╔══
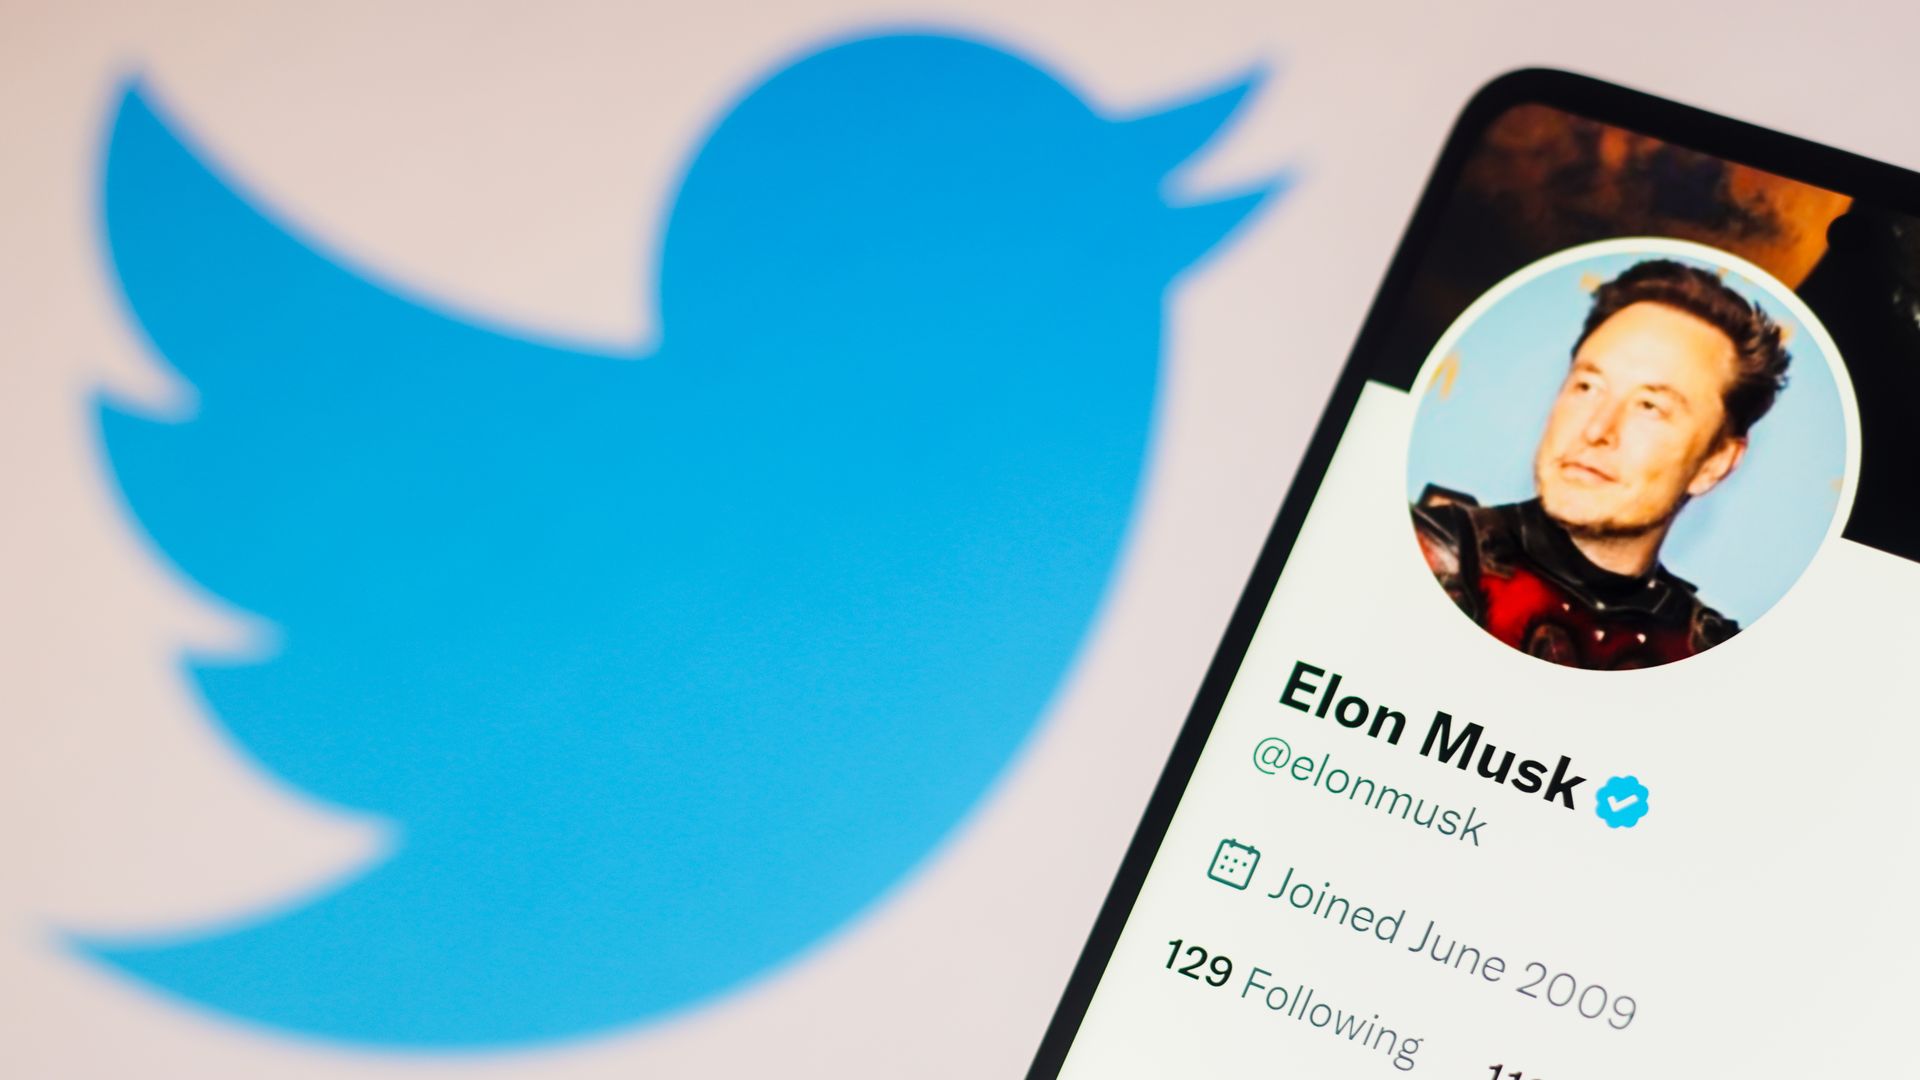 the Elon Musk Twitter account seen displayed on a smartphone and Twitter logo in the background. 
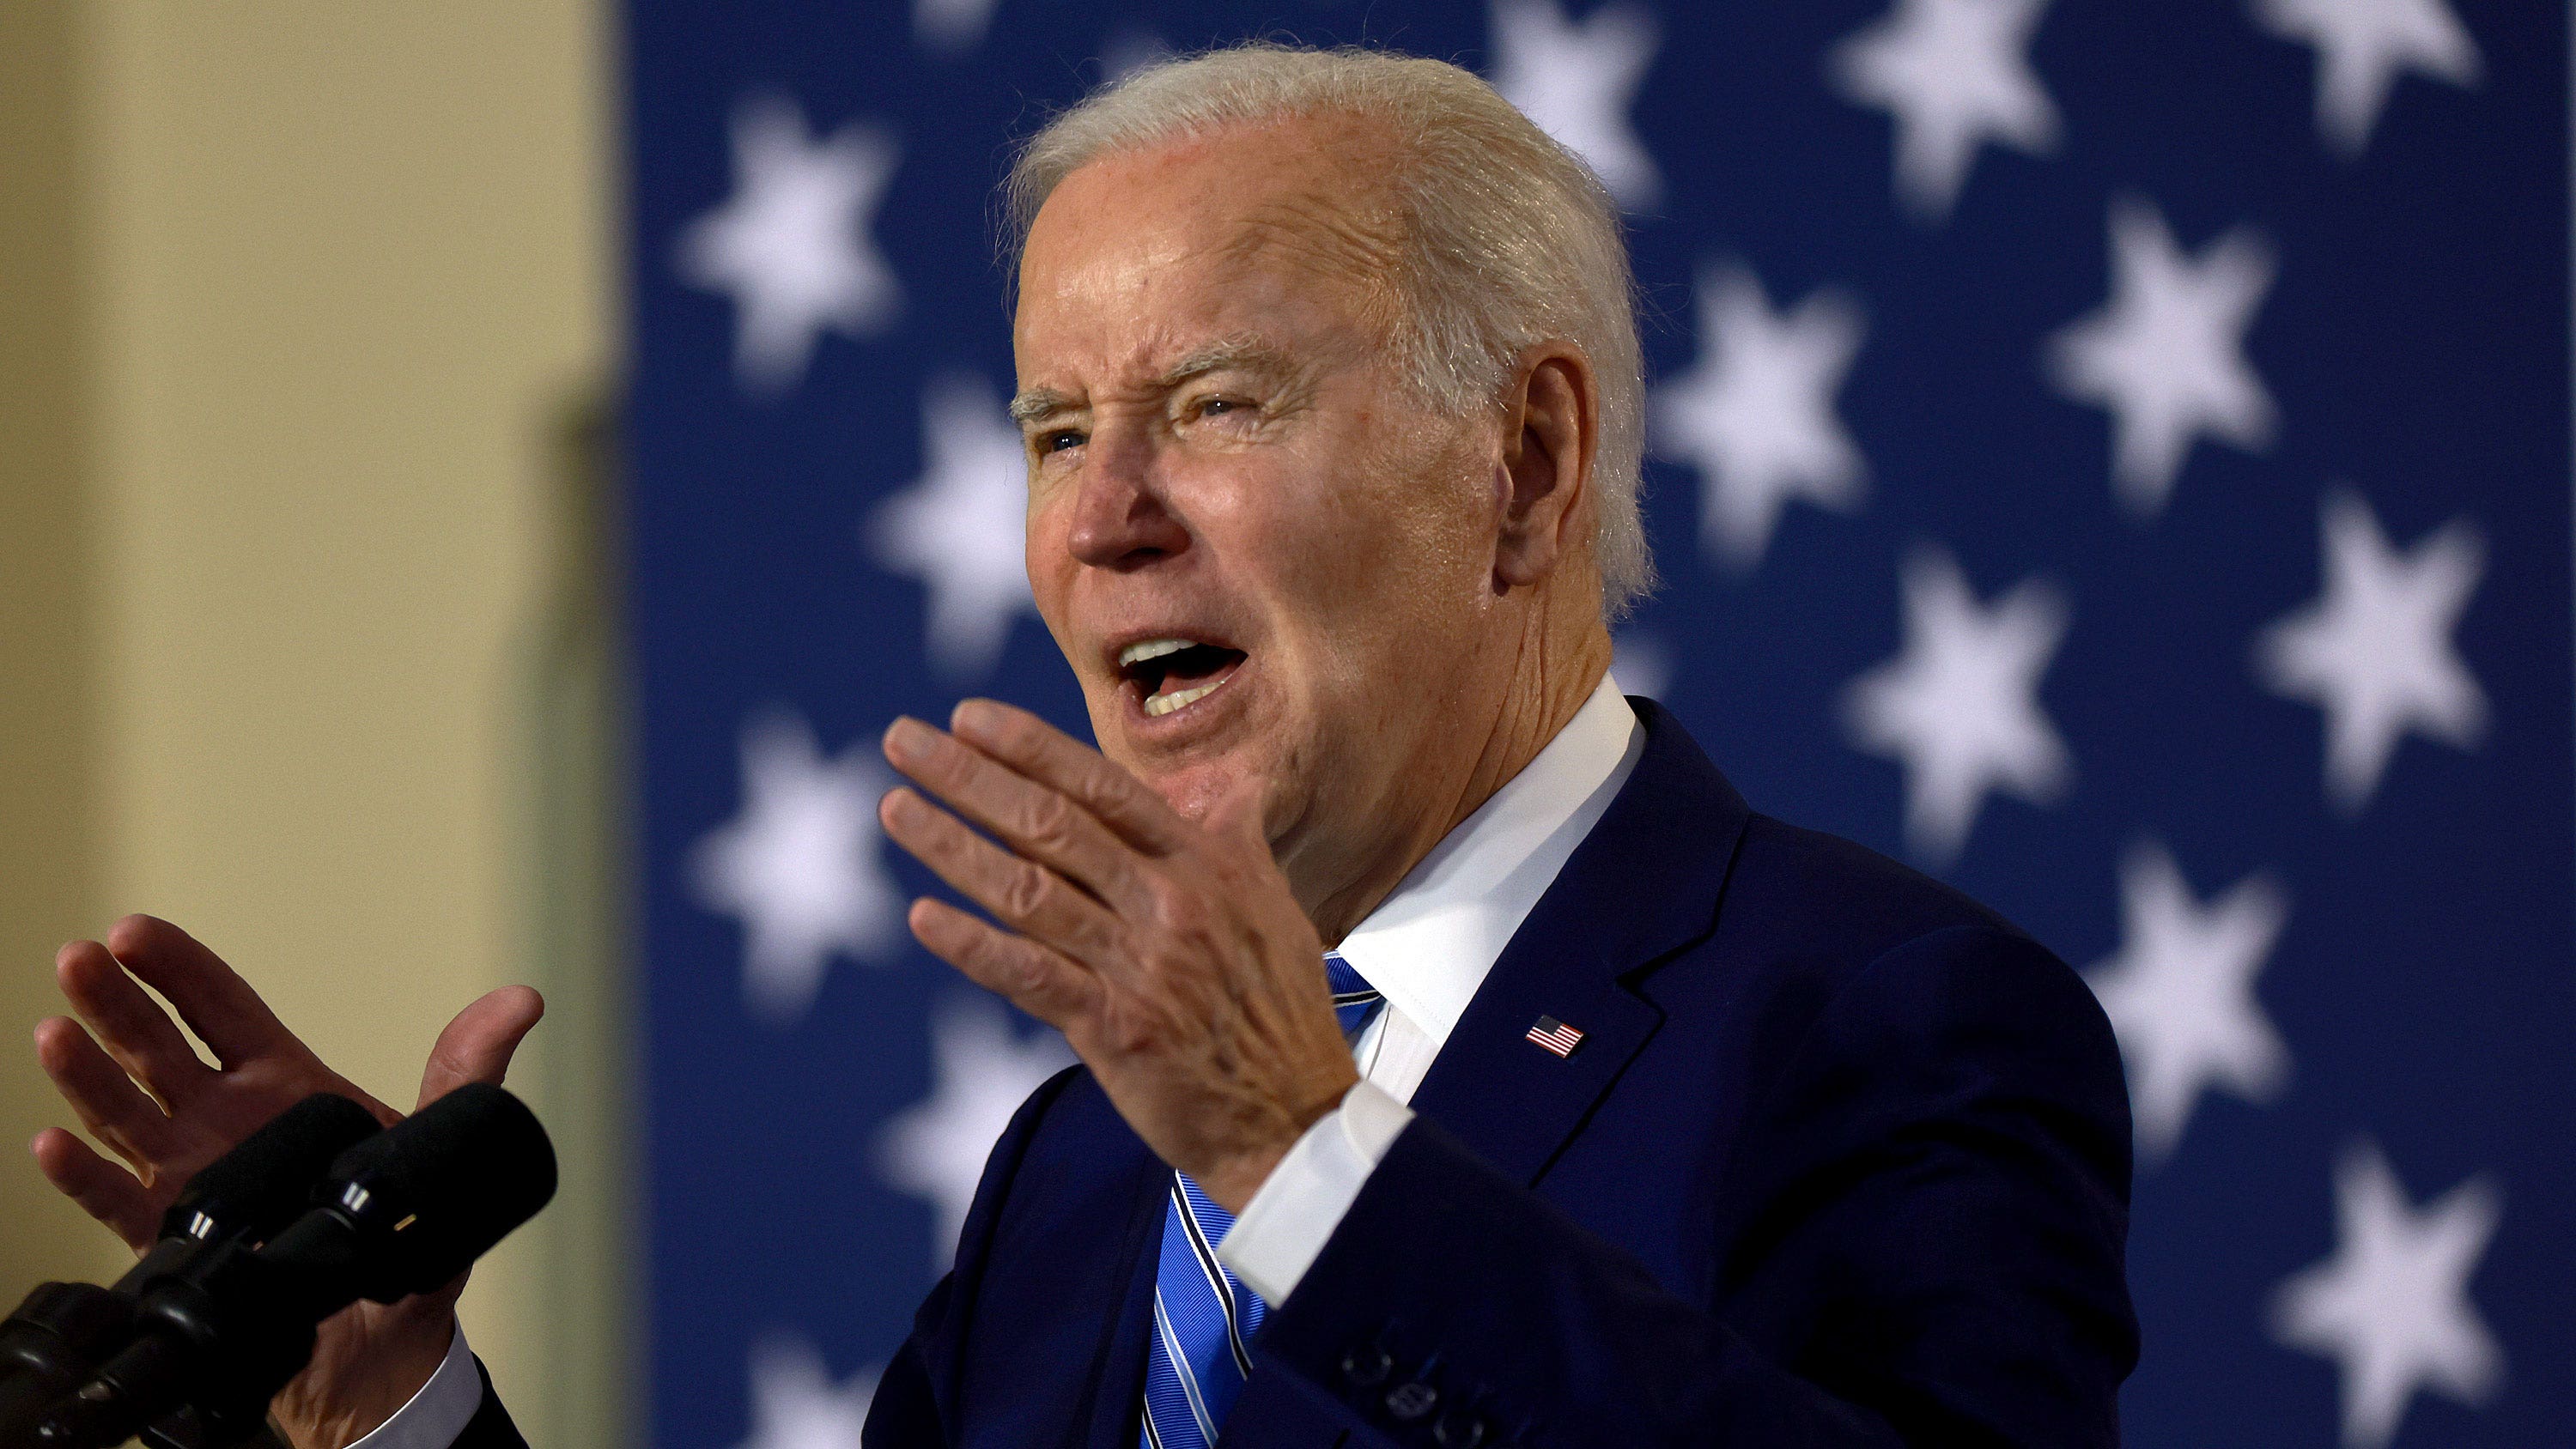 Person alleging Biden criminal bribery scheme is a 'highly credible' FBI source used since Obama admin: Source
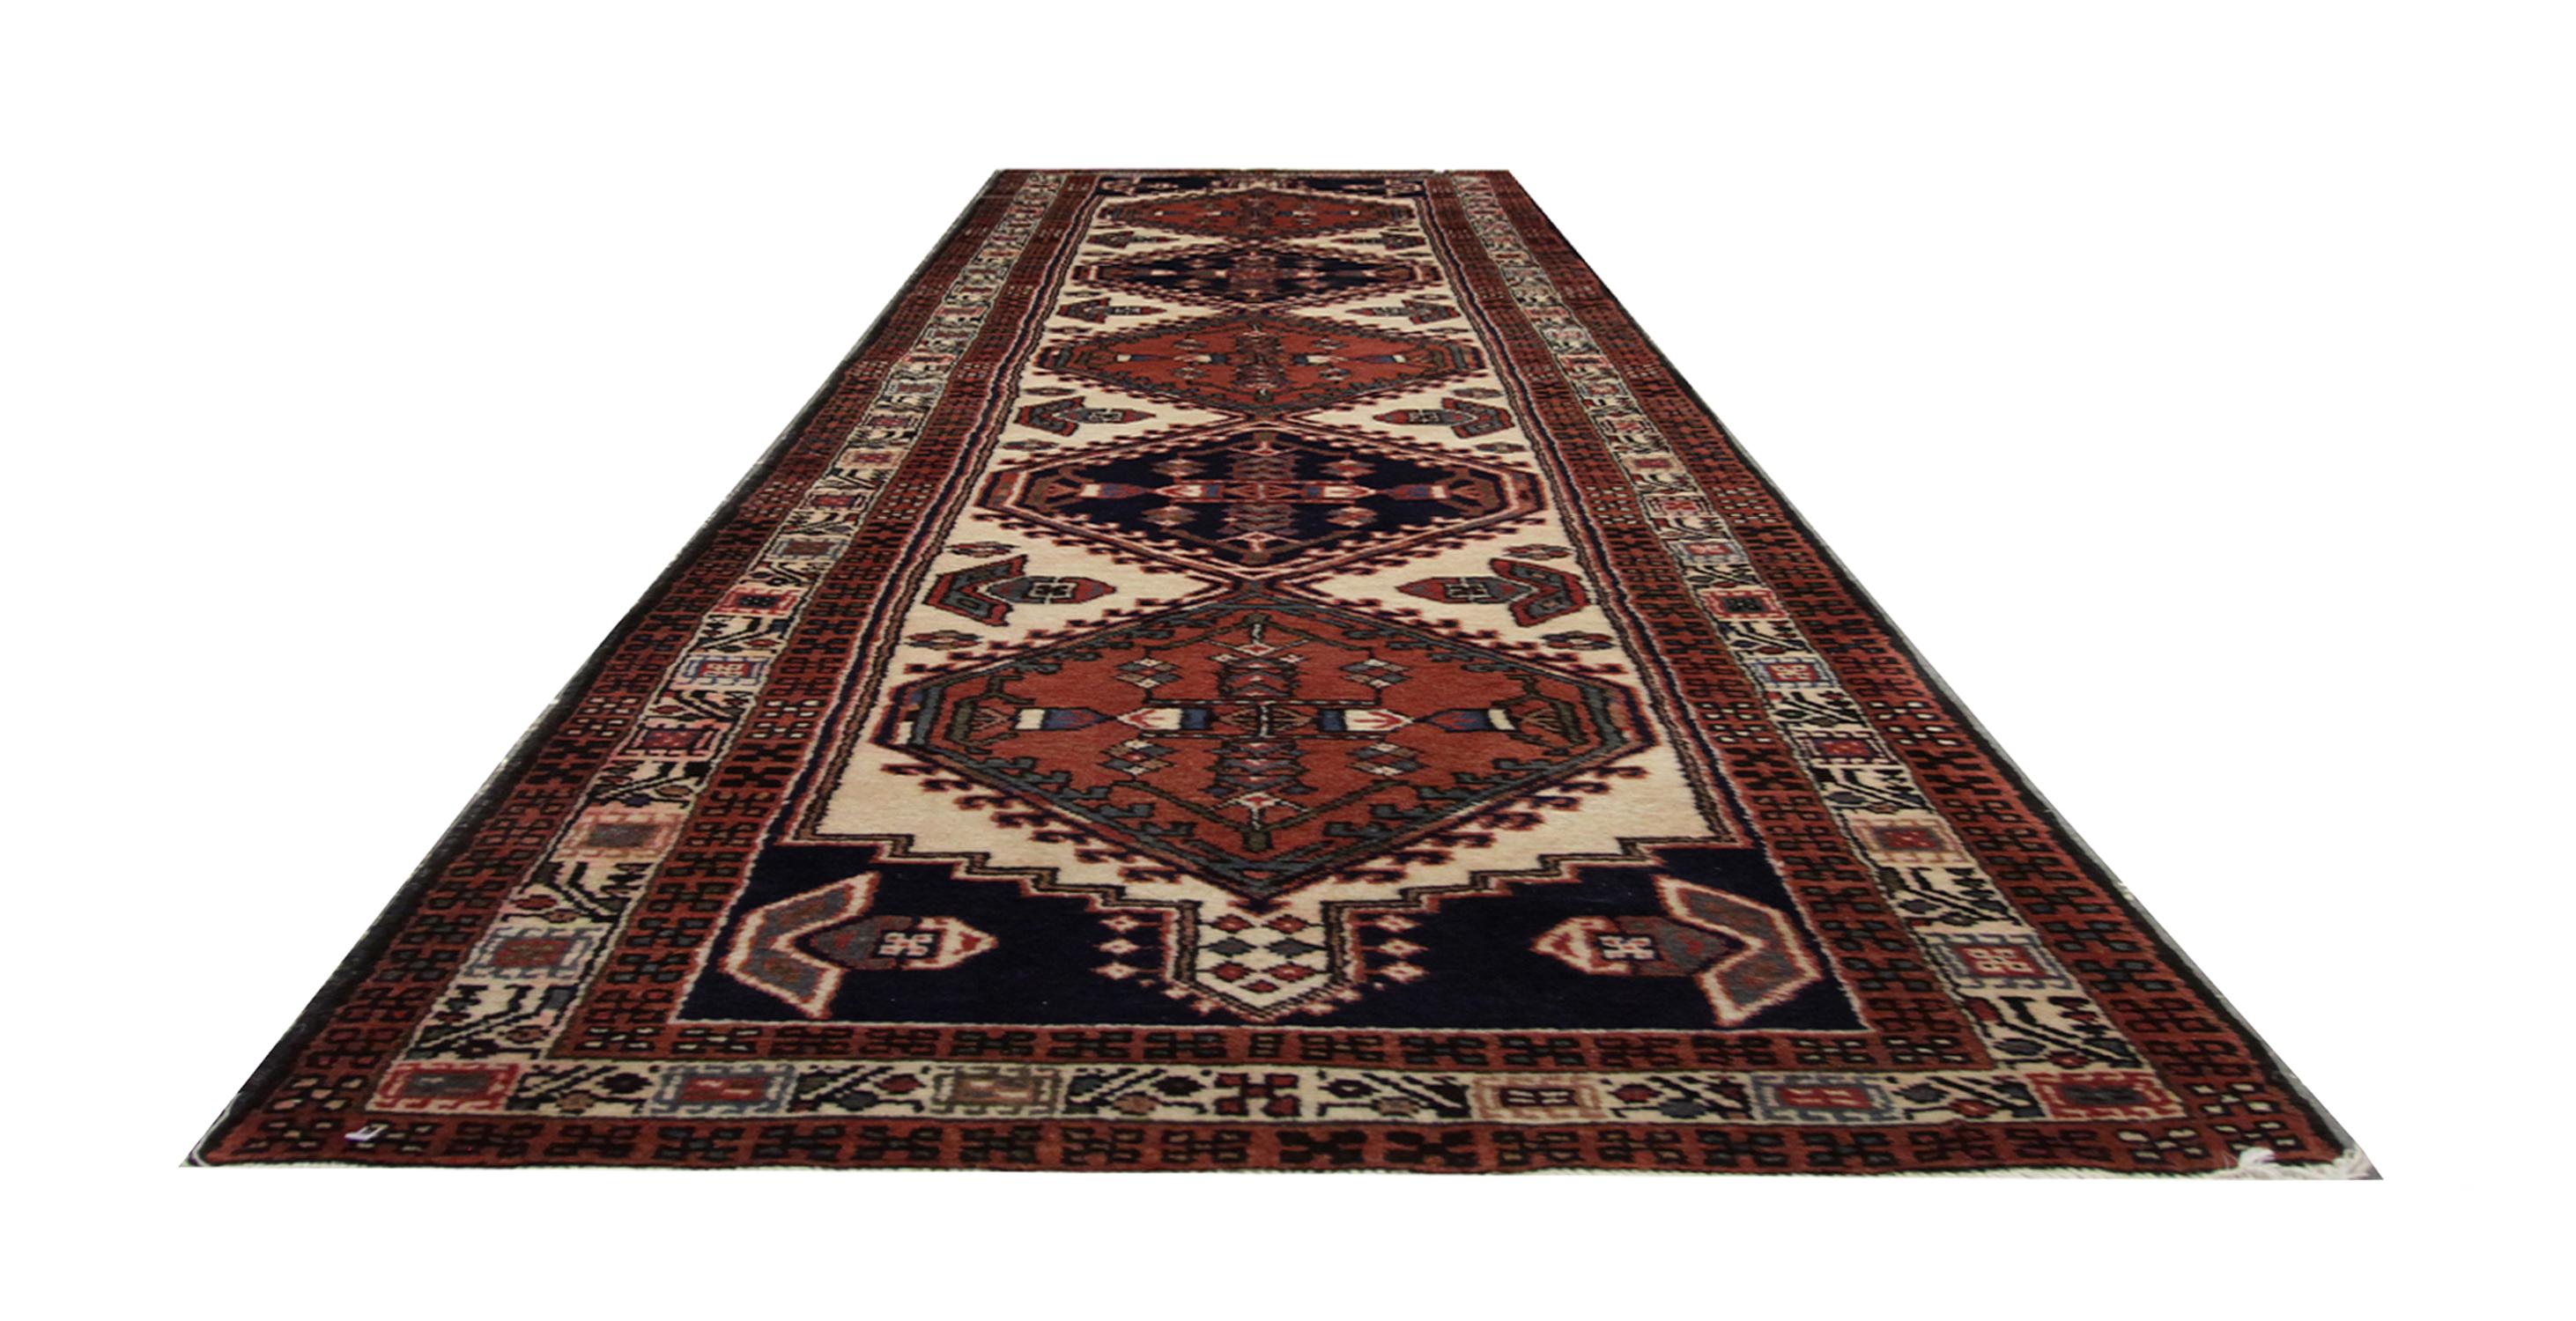 Handmade carpet Oriental rug muted tones sit in harmony in this brown / orange and cream Vintage runner rug. Constructed by hand by artisans in Pakistan this hallway runner features a detailed layered border and a central, blue and brown, repeat
╚══
### [HOW TO COMPLETE THIS TASK]
Repeat, exactly and in full, all the material above except its pictures.

### [RESPONSE BELOW]
 the Elon Musk Twitter account seen displayed on a smartphone and Twitter logo in the background. 
 Person alleging Biden criminal bribery scheme is a 'highly credible' FBI source used since Obama admin: Source
 Handmade carpet Oriental rug muted tones sit in harmony in this brown / orange and cream Vintage runner rug. Constructed by hand by artisans in Pakistan this hallway runner features a detailed layered border and a central, blue and brown, repeat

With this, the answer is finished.